In June, DeAngelo pleaded guilty to 13 murders and 13 rape-related charges between 1975 and 1986. He also publicly admitted dozens more sexual assaults for which the statute of limitations had expired.
The crimes went unsolved until April 2018, when DeAngelo, a father and grandfather, was arrested in Sacramento County.

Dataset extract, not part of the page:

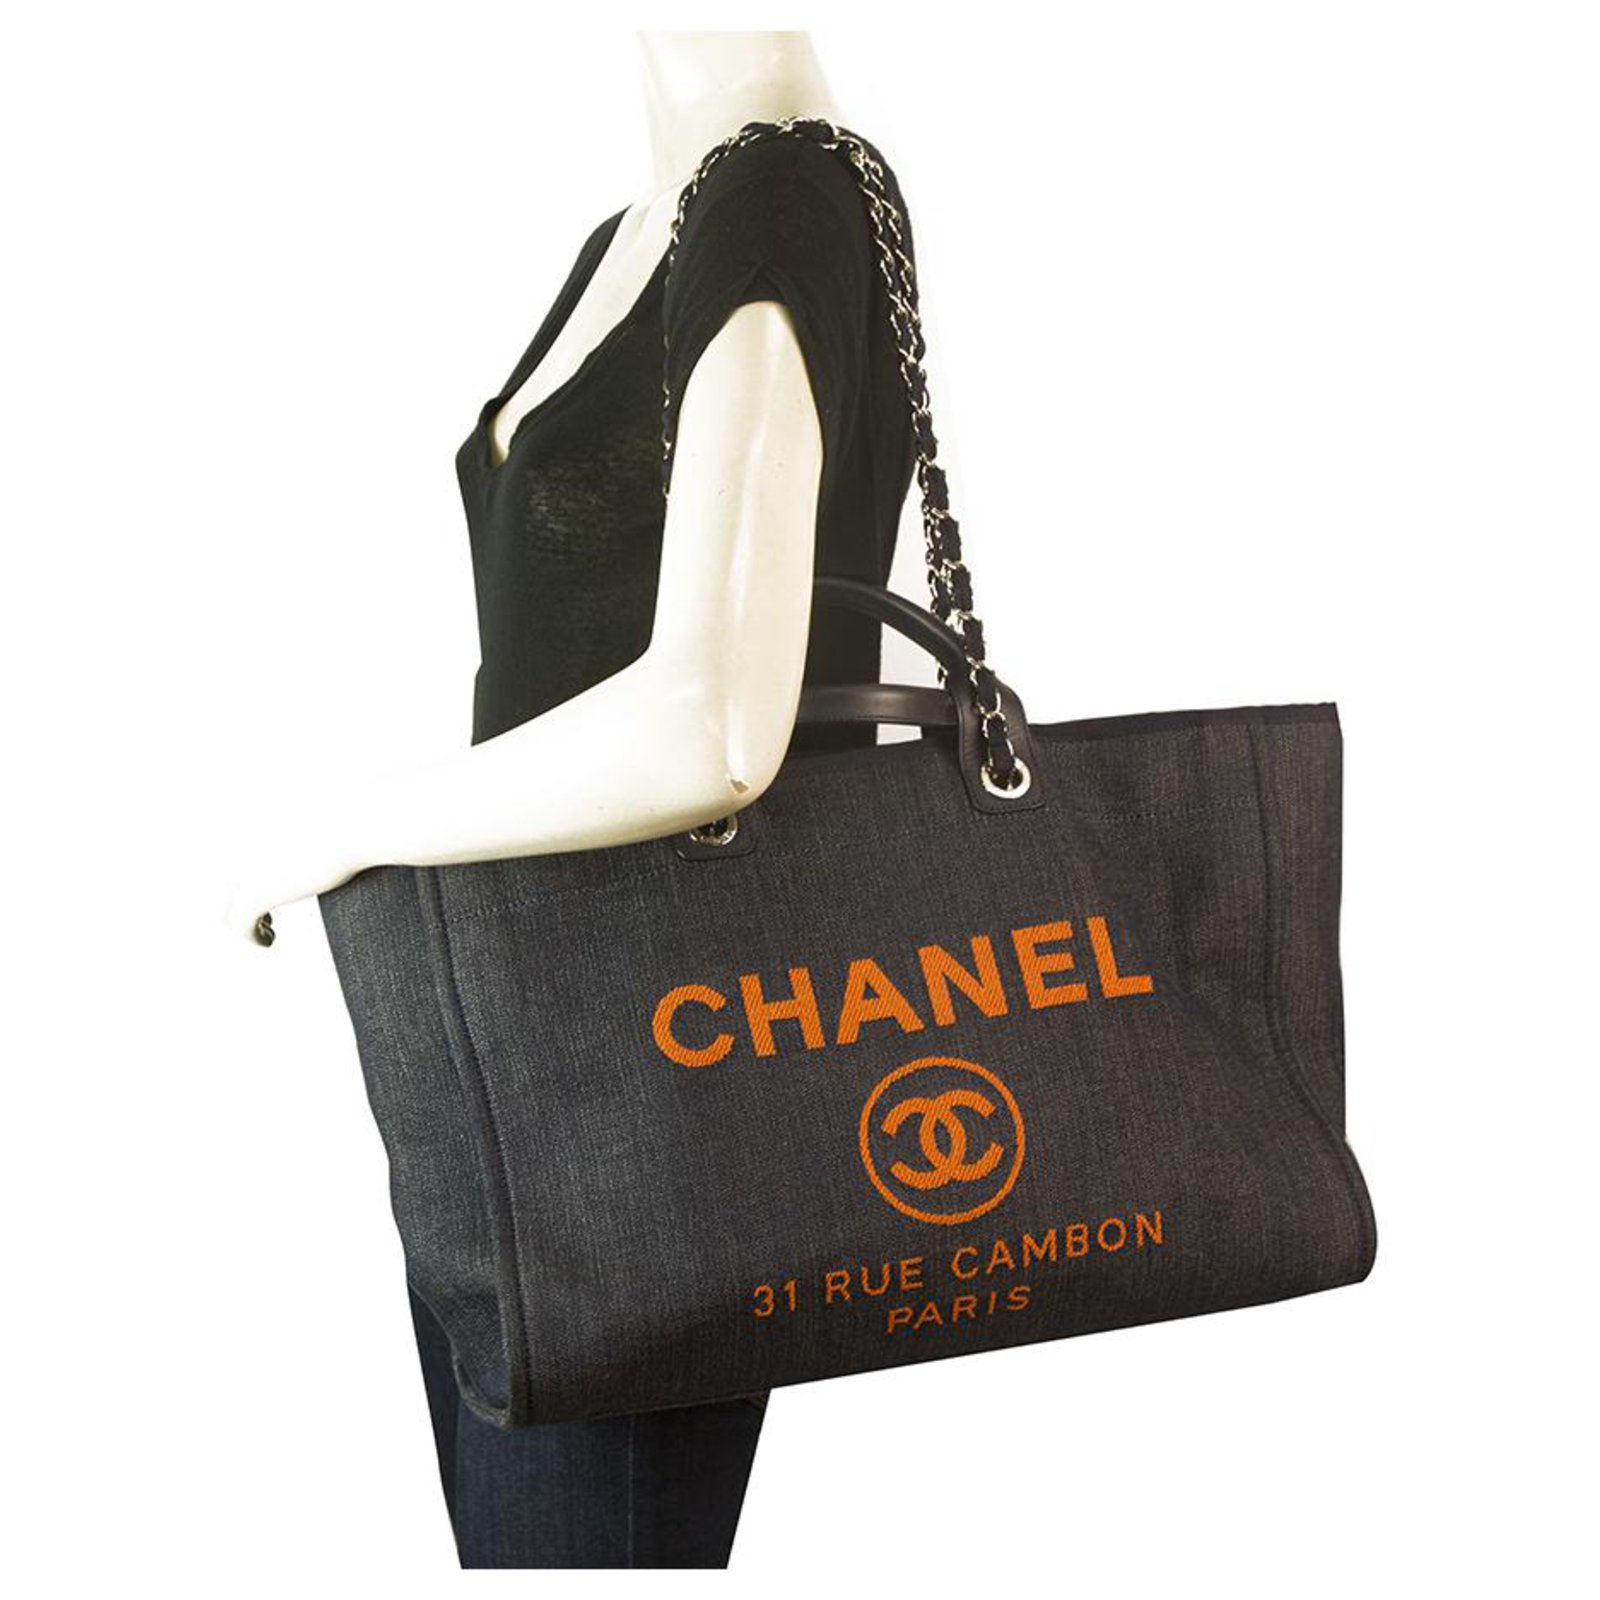 Chanel Large Deauville Shopper, Blue/Orange SHW - Laulay Luxury
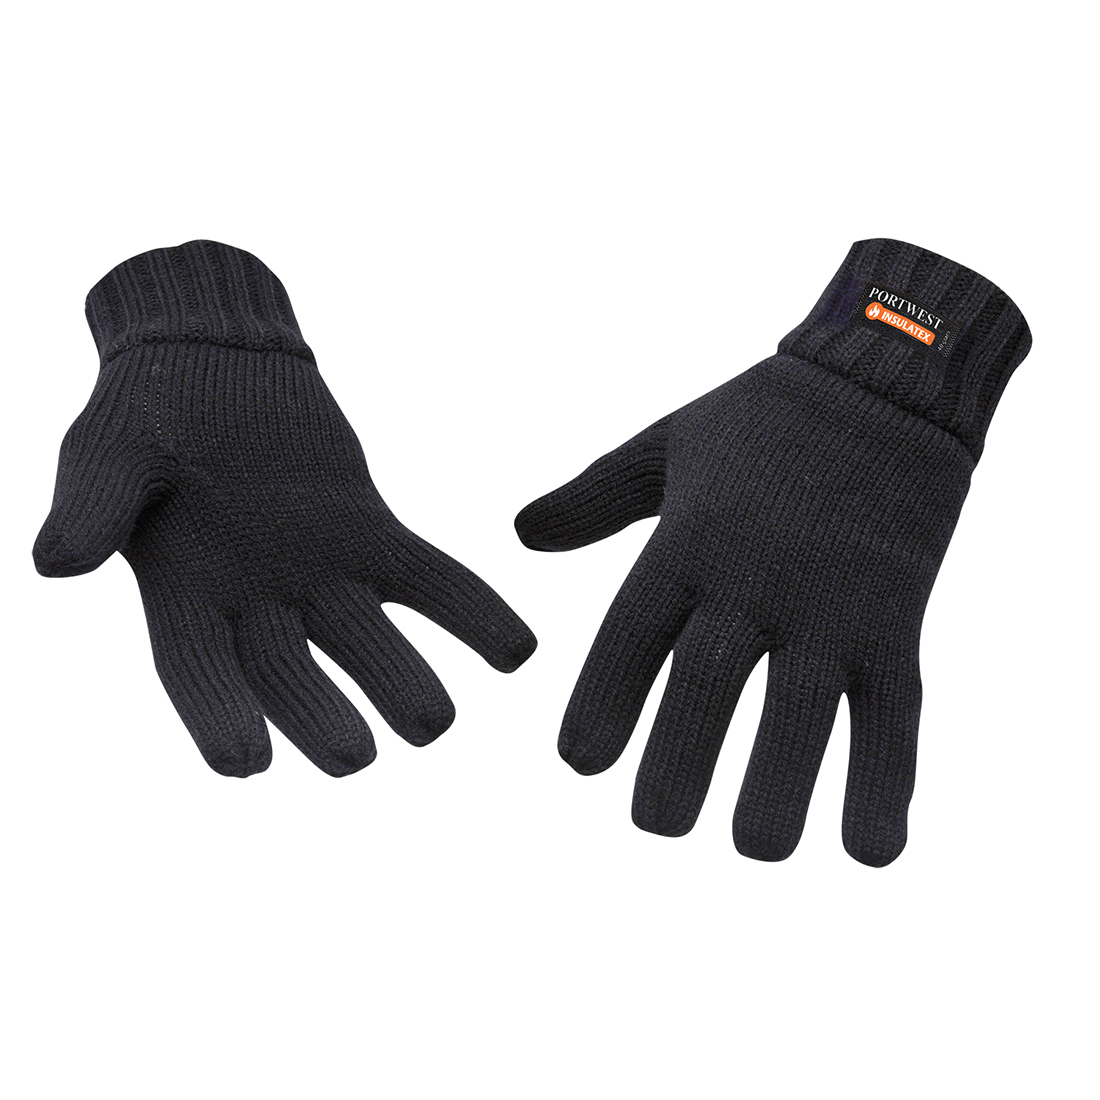 Portwest GL13 - Knit Glove Insulatex Lined

DeAngelo was the first public arrest obtained through genetic genealogy, a new technique that takes the DNA of an unknown suspect left behind at a crime scene and identifies him or her by tracing a family tree through his or her family members, who voluntarily submit their DNA to public genealogy databases.
To identify DeAngelo, investigators narrowed the family tree search based on age, location and other characteristics.
Authorities conducted surveillance on DeAngelo and collected his DNA from a tissue left in a trash. Investigators plugged his discarded DNA back into the genealogy database and found a match, linking DeAngelo’s DNA to the DNA found at multiple crime scenes, prosecutors said.
Since The Golden State Killer’s arrest, over 150 other crime suspects have been identified through genetic genealogy.